Item 2(e) CUSIP NUMBER: 957541-10-5
Item 3 THE PERSON FILING THIS STATEMENT IS A:
This statement is not being filed pursuant to Rule 13d-1(b) or 13d-
2(b). Not Applicable.
Item 4 OWNERSHIP
(a) Amount Beneficially Owned as of December 31, 1996:
593,314
(b) Percent of Class:
4.0% of outstanding shares of Class A Common Stock.
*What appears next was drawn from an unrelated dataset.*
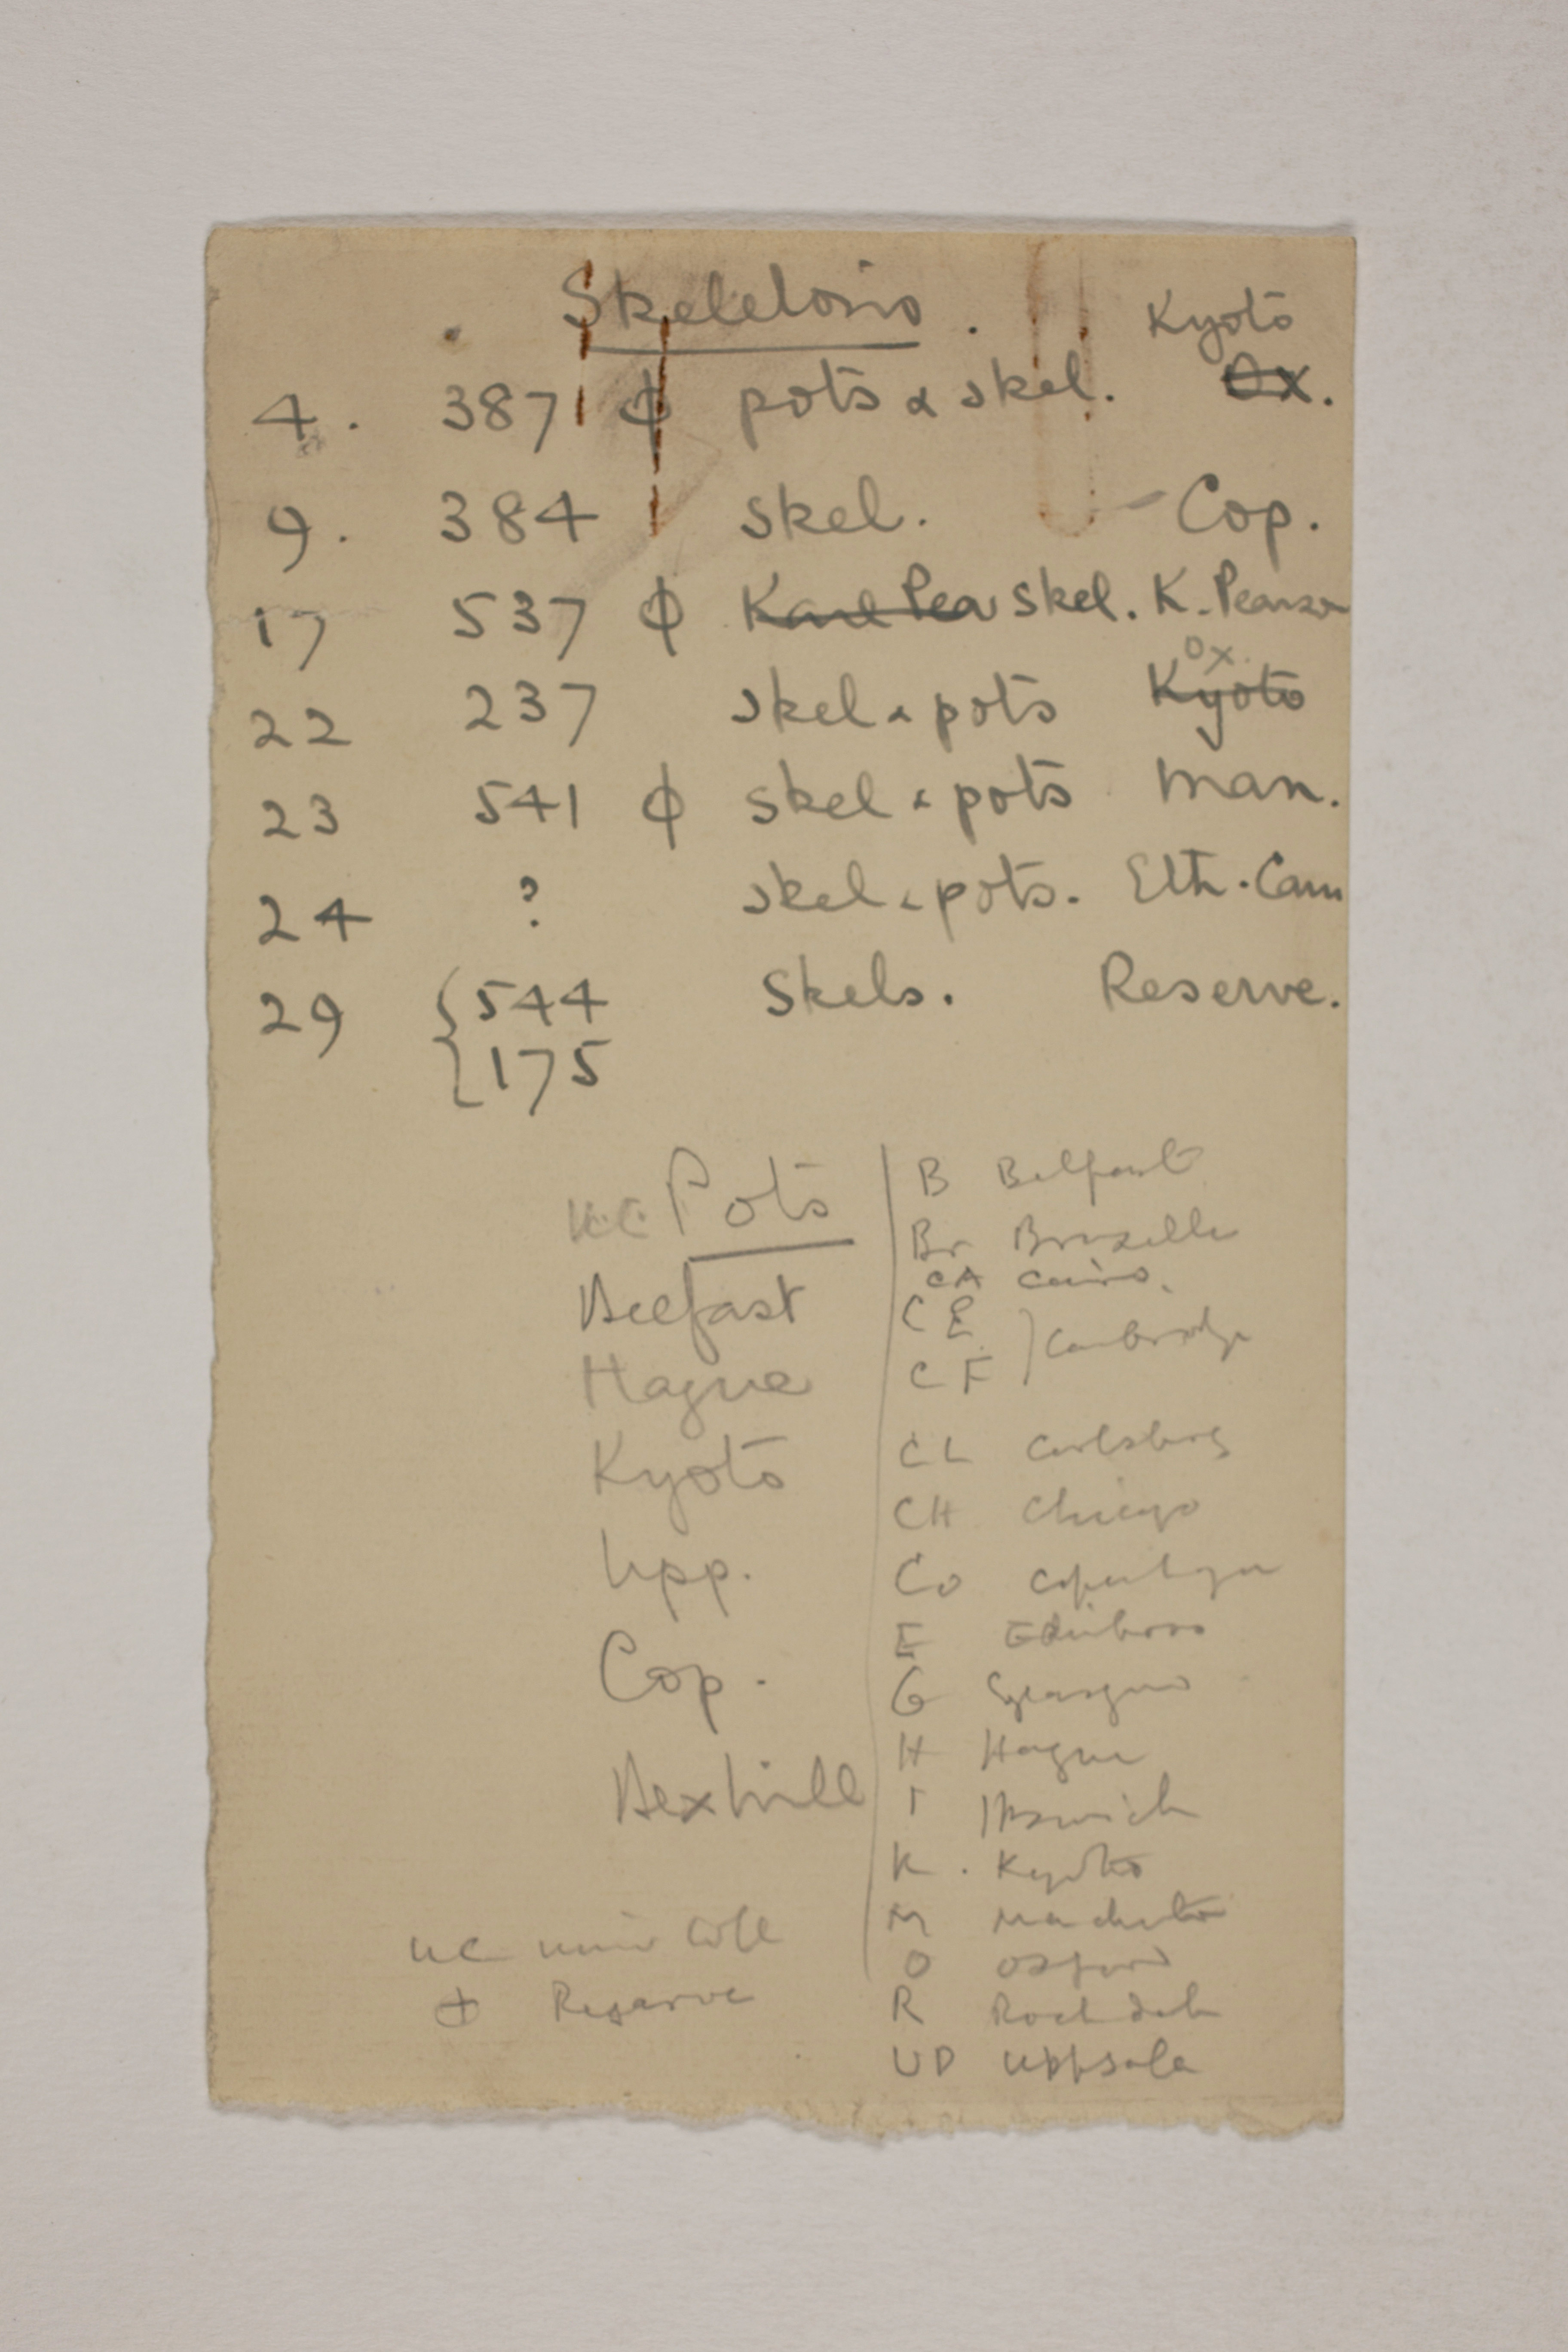 1913-14 Lahun, Haraga Object list PMA/WFP1/D/22/12

0.6% of outstanding voting power of Class A Common Stock and
Class B Common Stock.
(c) Number of shares as to which such person has:
(i) sole power to vote or to direct the vote:
593,314
(ii) shared power to vote or to direct the vote:
None
(iii) sole power to dispose or direct the disposition of:
593,314
(iv) shared power to dispose or direct the disposition of:
None
Item 5 OWNERSHIP OF FIVE PERCENT OR LESS OF A CLASS:
If this statement is being filed to report the fact that as of
the date hereof the reporting person has ceased to be the beneficial
owner of more than five percent of the class of securities, check the
following [X].
Item 6 OWNERSHIP OF MORE THAN FIVE PERCENT ON BEHALF OF ANOTHER PERSON:
Not applicable.
Item 7 IDENTIFICATION AND CLASSIFICATION OF THE SUBSIDIARY WHICH ACQUIRED THE
SECURITY BEING REPORTED ON BY THE PARENT HOLDING COMPANY:
Not applicable.
Item 8 IDENTIFICATION AND CLASSIFICATION OF MEMBERS OF THE GROUP:
Not applicable.
Item 9 NOTICE OF DISSOLUTION OF GROUP: Not applicable.
Item 10 CERTIFICATION:
Not applicable.
SIGNATURE
After reasonable inquiry and to the best of my knowledge and belief, I
certify that the information set forth in this statement is true, complete and
correct.
February 11, 1997
Date
/s/ Michael F. Lathrope
Michael F. Lathrope
ATTENTION: INTENTIONAL MISSTATEMENTS OR OMISSIONS OF FACT CONSTITUTE FEDERAL
CRIMINAL VIOLATIONS (SEE 18 U.S.C. 1001).